24 February 2025

 


Here in the last dregs of winter, we are celebrating Carnevale with dancing and drinking and masquerades and parading through the streets. The upshot of this is that the car and the house and the pockets of my winter coat all have little sprinklings of confetti in them.

We went to the big parade in Viareggio two Saturdays ago and to the little one in Pietrasanta last Sunday and to Ireland in between, first stopping in Pisa to see a Hokusai show at the Palazzo Blu, which is a museum now, but once was the house where Byron lived by the river. My favorite piece was a painting on silk called "Tiger in a Bamboo Grove Looking at the Full Moon." I would like to live my life in such a way that my biography could also be called "Tiger in a Bamboo Grove Looking at the Full Moon."
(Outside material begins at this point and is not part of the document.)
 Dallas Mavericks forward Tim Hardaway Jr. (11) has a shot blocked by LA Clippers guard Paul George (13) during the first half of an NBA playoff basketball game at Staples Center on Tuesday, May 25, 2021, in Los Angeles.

Ireland was windy and wild and romantic, if you can still feel romance after eating so much fried fish and chips. We went briefly insane at Aillwee and bought kilo after kilo of Irish cheese that we have now in the refrigerator.


I almost had a nervous breakdown driving the microscopic almost-but-not-quite-as-wide-as-one-car roads that were nevertheless two way streets among the encroaching hedgerows in Western Ireland on our way to the Cliffs of Moher and then on to Galway. I has assumed the driving-on-the-left-side-of-the-road skills that I picked up living for a year in the Cook Islands 20 years ago would come back to me. It is always entertaining to discover that you have assumed incorrectly while driving at high speeds through a mirror-image roundabout.
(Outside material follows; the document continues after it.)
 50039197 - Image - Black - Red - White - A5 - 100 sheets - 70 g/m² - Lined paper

But we survived the hedgerows and the baked beans for breakfast and the incipient scurvy and the pints of Guinness and the wind that made me buy a hat and ended the serviceable life of our umbrella. Besides cheese and hats, we bought books in English and Irish seaweed snacks. We listened to traditional Irish music in a traditional Irish pub and also even managed to see a second Hokusai show in a museum in Dublin.
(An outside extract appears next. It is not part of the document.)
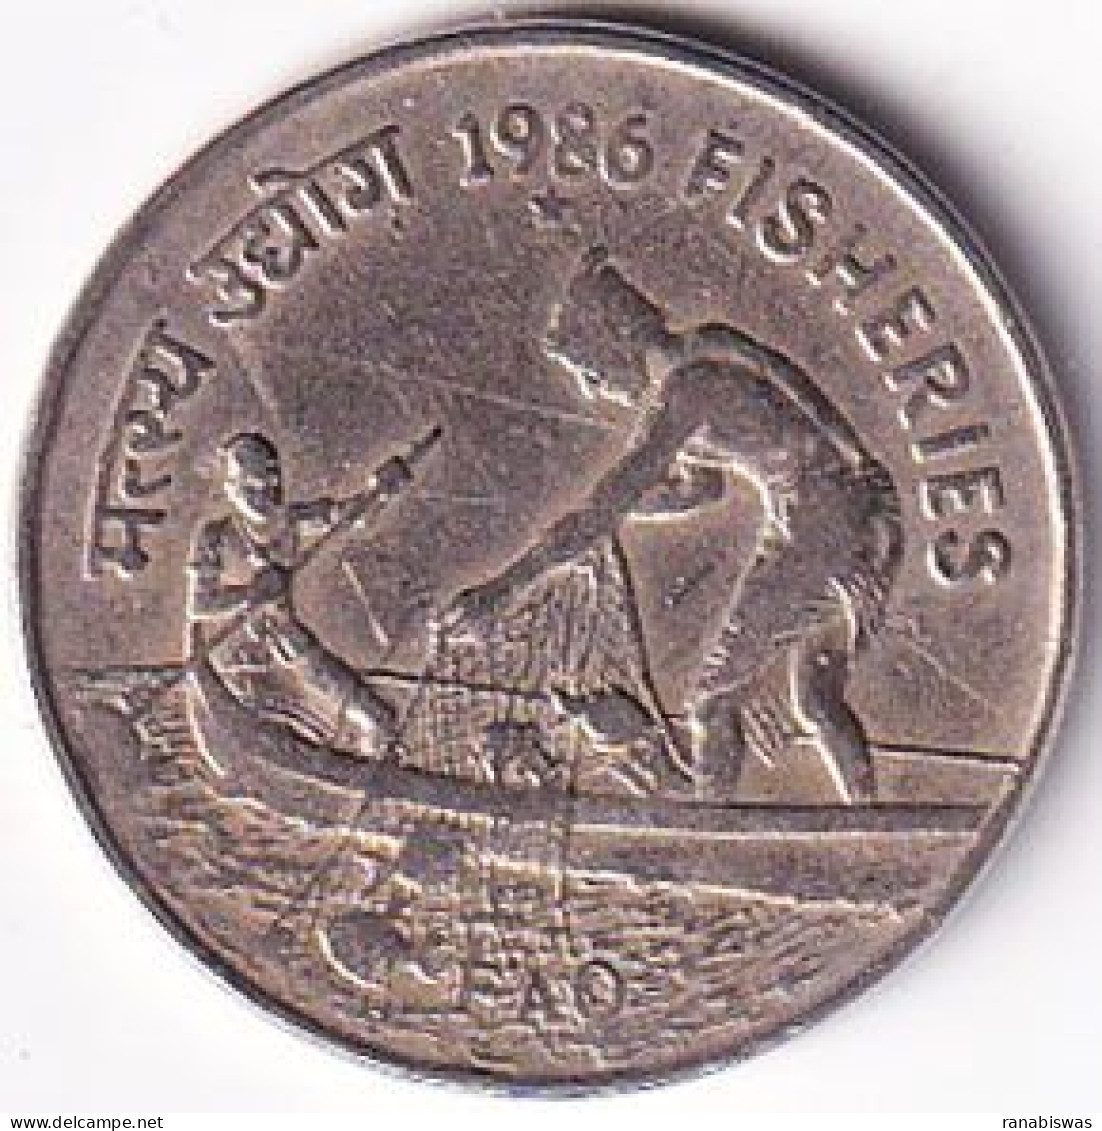 INDIA COIN LOT 27, 50 PAISE 1986, FISHERIES, FAO, HYDERABAD MINT, AUNC, SCARE - Indien

Our Moldovan cab driver on the way back to the airport our last day in Dublin, having lived for a while in Italy himself, exchanged emails with us so that he could send us info about making our own grappa (we had given a rousingly vivid description of our life here in lovely Capriglia-by-the-Sea). Yesterday, we got this email from him:

Hello Jonathan and Jonathan's wife :),

I hope you had an easy flight back to the Italian community and the big family!

Above all, I want to mention the moment that touched me the most. After you got into the car, you both exchanged a glance and smiled at each other with such deep respect and love. In that instant, I saw that you were truly united and happy as one. I’m so glad I witnessed that.

I hope that one day, when I reach your age, I will experience such a moment with my own wife.
Thank you for the inspiration! 

To this letter, I am attaching the books we discussed about self-distilled spirits.






15 February 2025

Update: Three days after paying an eye-watering amount to "overnight" my non-criminal record to my brother in Washington, DC, the tracking number tells us that it is currently sitting, for unknown reasons, in a DHL facility in Cincinnati. I'm fucked.

13 February 2025

 


Having passed the Italian language exam, I am now entering into the REAL test of fortitude and skill that will determine if I get Italian citizenship -- the Bureaucracy Challenge. This consists of: filing the appropriate paperwork. We have an immigration attorney who has years of expertise in this process. I have a husband who is an Italian citizen. I have an advanced degree. I have Italian heritage. I have grit and persistence and a real desire to be a part of this country. I may yet be defeated.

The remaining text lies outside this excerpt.